Material provided:
━━━━━━

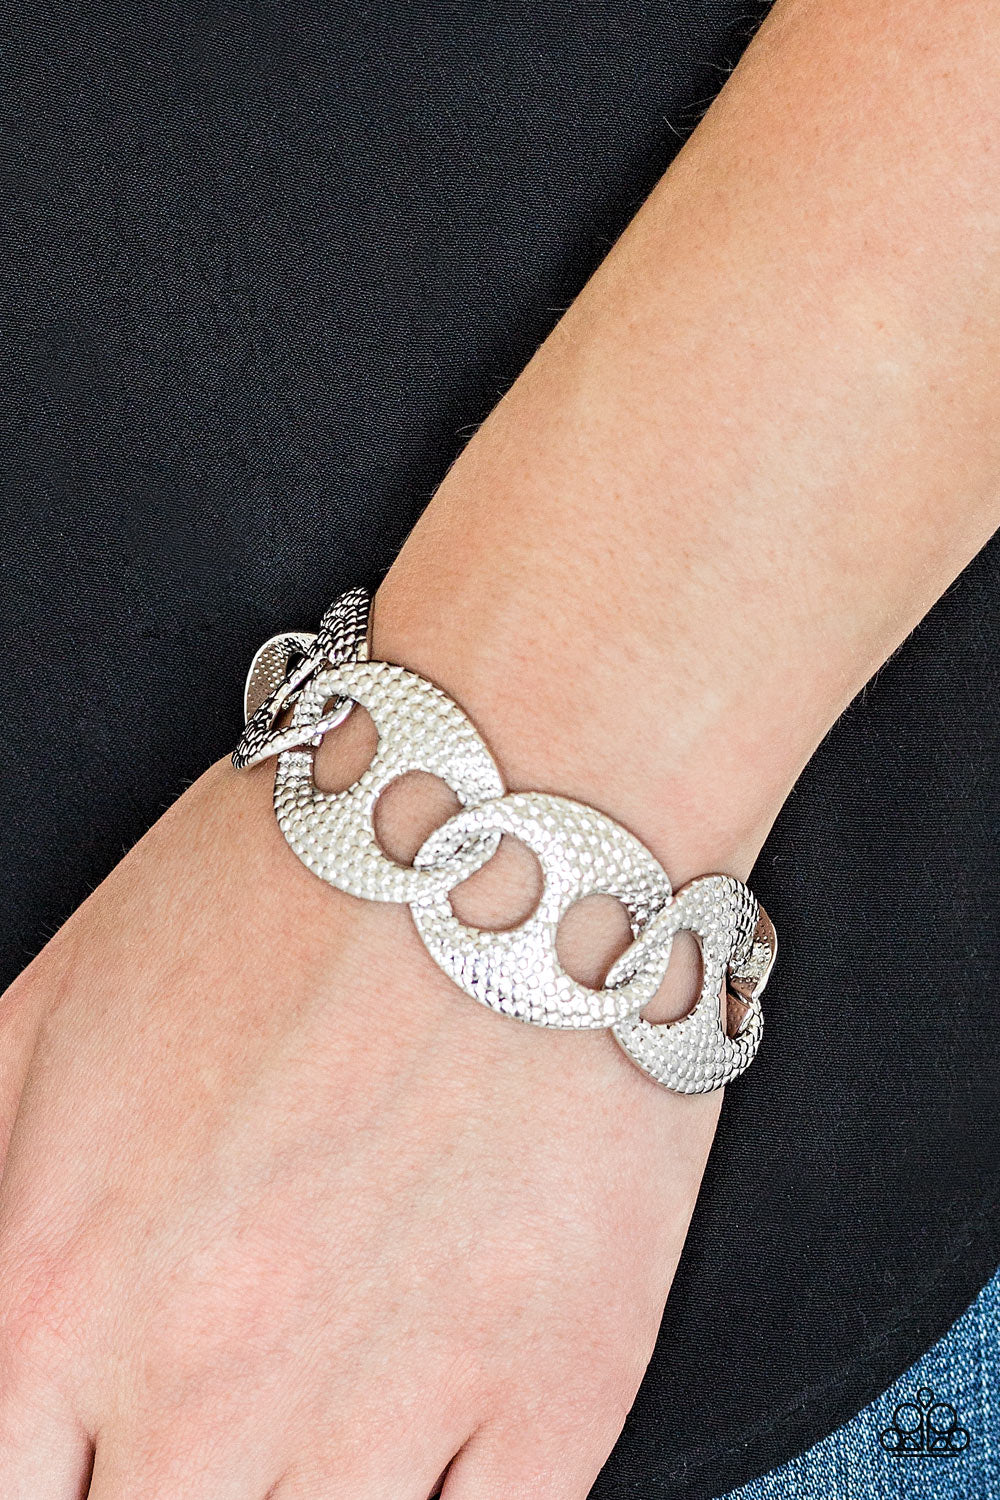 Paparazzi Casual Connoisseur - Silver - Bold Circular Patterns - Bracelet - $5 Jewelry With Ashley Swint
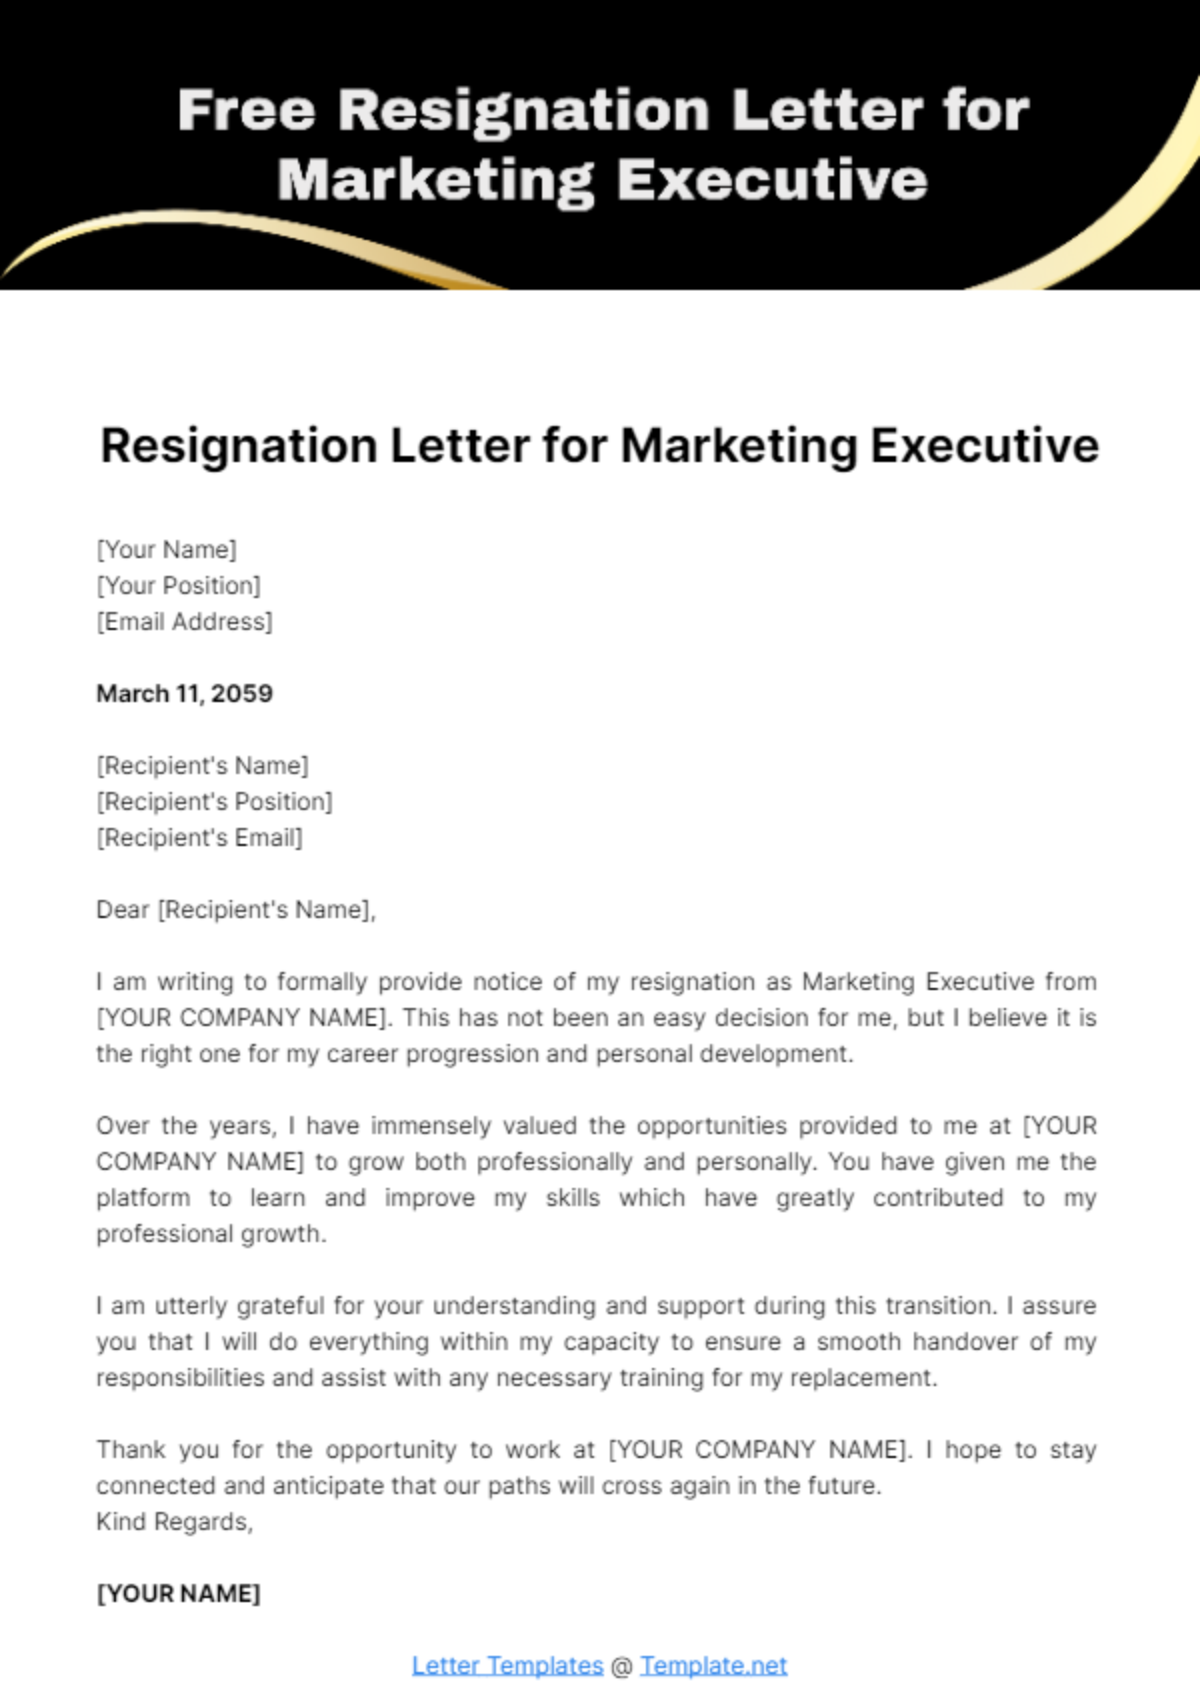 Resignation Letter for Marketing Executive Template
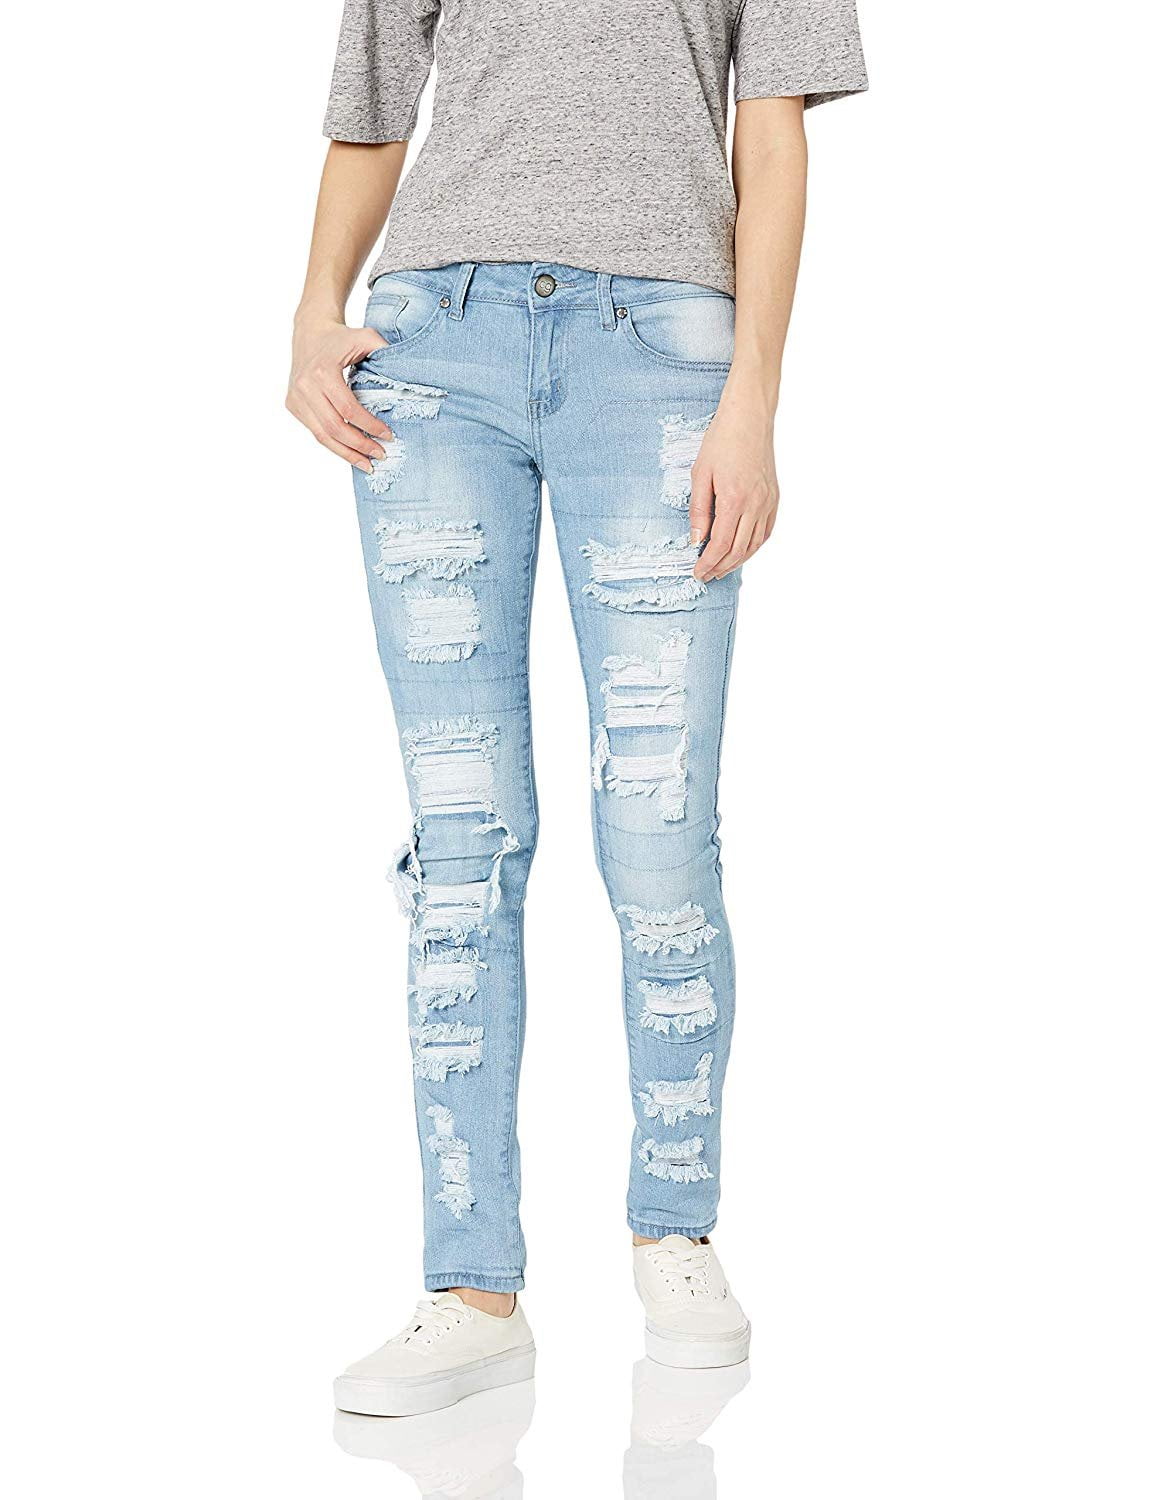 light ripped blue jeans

━━━━━━

Task instructions:
Could the lines from the one with "Resignation Letter for" through the last line of the material above be written out exactly, both included, with pictures left out?

Expected output:
 Resignation Letter for Marketing Executive Template
 light ripped blue jeans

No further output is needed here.